Revision Guide: Relations and Functions

An ordered pair (a, b) signifies a pair where the order matters, crucial in defining relations.

For sets A and B, A × B contains all ordered pairs (a, b) where a ∈ A and b ∈ B, with |A × B| = |A| × |B|.

A relation from set A to B is any subset of A × B, depicting a specific relationship between elements.

The domain is all first elements in a relation, while the range consists of all second elements, important for function analysis.

A function is a specific relation where each element of the domain has one unique image in the codomain.

A function is real-valued if its output values are real numbers. Example: f(x) = x².
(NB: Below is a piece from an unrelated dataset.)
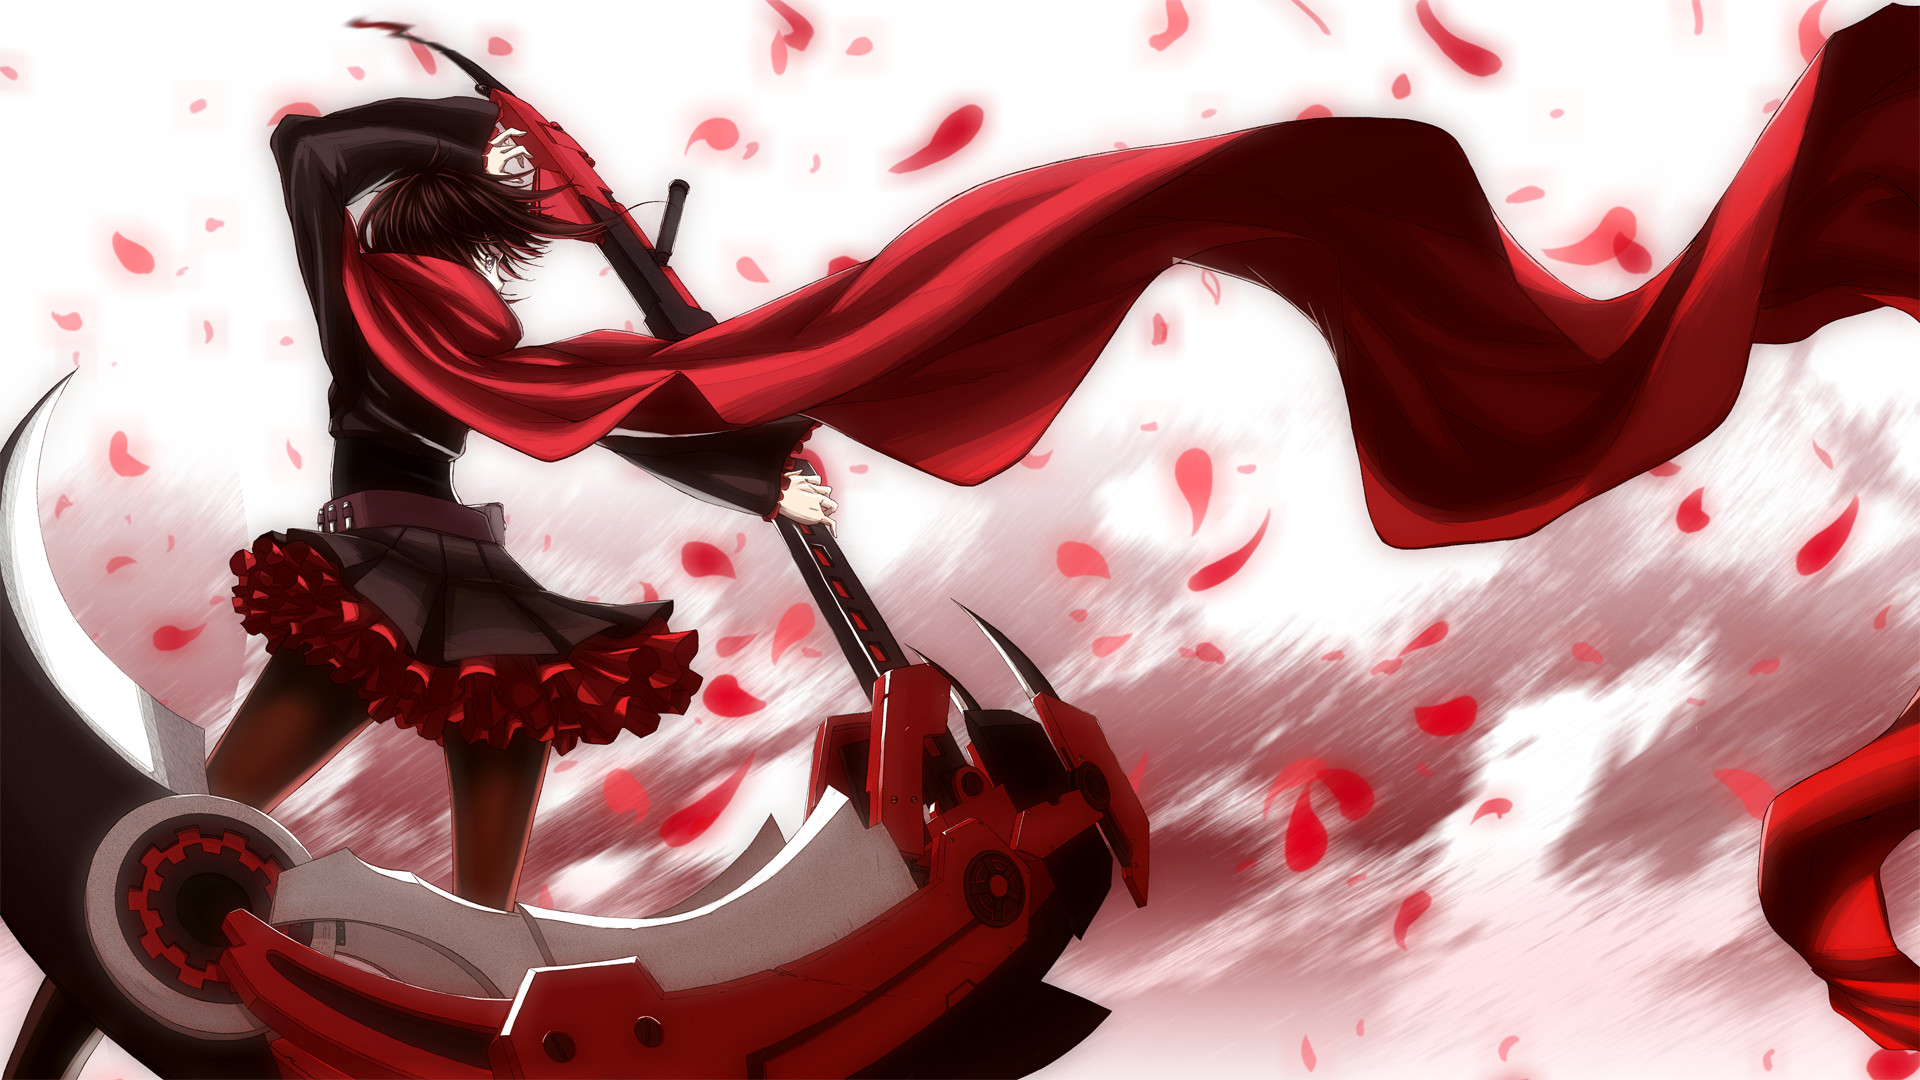 Anime RWBY Ruby Rose Wallpaper

Functions can be linear (e.g., f(x) = mx + c), constant, identity, polynomial, etc., with unique properties.

R = {(1,2), (2,4)} is a function. R = {(1,2), (1,3)} is not as it fails uniqueness.

f(x) = x² + 2x + 1 is polynomial. For functions like f(x) = 1/x, it's not polynomial if x ≠ 0.

Functions can be illustrated with graphs. The graph of f(x) = x² is a parabola opening upwards.

If f and g are functions, their sum (f + g)(x) = f(x) + g(x) is also a function, useful for combined effects.

For functions f and g, (f - g)(x) = f(x) - g(x) gives the difference, essential in calculus.

The product of functions f and g is defined as (fg)(x) = f(x) * g(x), impacting growth rates.

The quotient (f/g)(x) is f(x) / g(x), valid when g(x) ≠ 0; it's useful in rational functions.

Relations can be reflexive, symmetric, or transitive, influencing how we understand their structure.

For n elements in A and m in B, the total number of relations from A to B is 2^(n*m).

Each element in the domain maps to one in the range, ensuring no repeated domains in functions.

Defined as f(x) = |x|, giving the absolute value, crucial for non-negative outputs.

The graph of f(x) = 2x is a straight line indicating linear growth. Understanding graphs aids in function analysis.

If an element in the domain has multiple outputs, e.g., f(x) = {x,y}, it fails to be a function.